The payoff for regionalized state is a reduced blast radius for distributed systems failures. There’s effectively nothing that can happen with Corrosion today that doesn’t echo across our whole fleet. In a regionalized configuration, most problems can be contained to a single region, where they’ll be more straightforward to resolve and have drastically less impact on the platform. Corrosion, an open-source project we maintain, is already capable of running this way; the work is in how it’s integrated, particular to our routing layer.
This work has been ongoing for over a month, but it’s a big lift and we can’t rush it. So: we’re cringing this overlap this outage has with our last one, but it’s not for lack of staffing and effort on the long-term fix.
Two immediately evident pieces of low-hanging fruit that we have already picked in the last week:
First, as we said last time, responding to Corrosion issues by efficiently re-seeding state continues to be an effective and relatively fast fix to these issues. Re-seeding was complicated this time by the schema change that precipitated the event. We’ve begun creating processes to simplify and speed up re-seeding under worst-case circumstances. Additionally, some of the delay in kicking off the re-seeding, as with last time, resulted from a cost/benefit calculation: re-seeding requires resynchronizing our API and flyd servers across our fleet with Corrosion, which isn’t automated; the hope was that Corrosion would converge and reach acceptable P95 performance levels soon enough not to need to do that work. We’re building tooling to minimize that work in the future, so that doesn’t need to be part of the calculation.

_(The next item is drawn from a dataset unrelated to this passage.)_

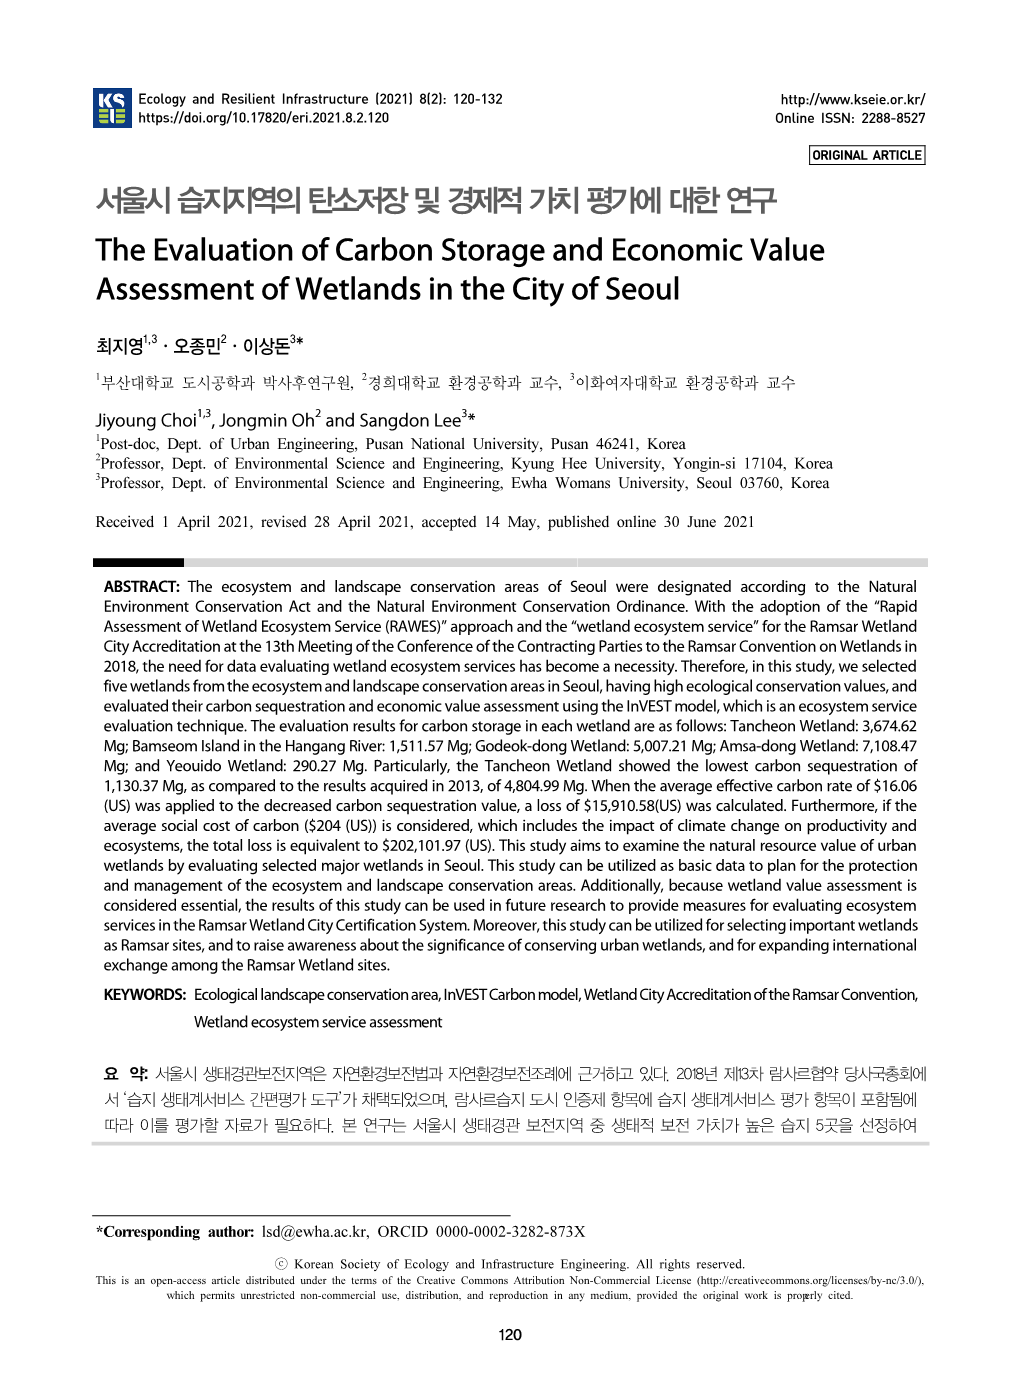 서울시 습지지역의 탄소저장 및 경제적 가치 평가에 대한 연구 the Evaluation of Carbon Storage and Economic Value Assessment of Wetlands in the City of Seoul

We’ve also added comprehensive “circuit-breaker” limits to Corrosion. For already-deployed apps, even a total Corrosion outage shouldn’t break routing; Corrosion synchronizes a SQLite database, and our routing layer can simply read that database, whether or not Corrosion is running. But during the acute phase of this outage, Corrosion wasn’t just not running effectively; it was also consuming host and (especially) network resources. Corrosion now has internal rate limits on gossip traffic, and our hosts have external limits, in the network stack and OS scheduler, to stop runaway processes; this is being rolled out now.
Second, the back half of this outage was due to a pathological condition we hit because we lacked a rate limit in an expensive API operation we didn’t expect users to drive in a tight loop. Obviously, that’s a bug, one we’ve fixed. But there was a process issue here as well: we identified the “pathological” app (it wasn’t doing anything malicious, and in fact was trying to do something we built the platform to do! it was just using the wrong API call to do it), but then engaged in heroics to try to scale up to meet the demand. Without backpressure, this doesn’t do anything.
So we’re also building out a process runbook for handling/quarantining applications that have spun out, one that incident response teams don’t have to think hard about when in the middle of high-priority incidents.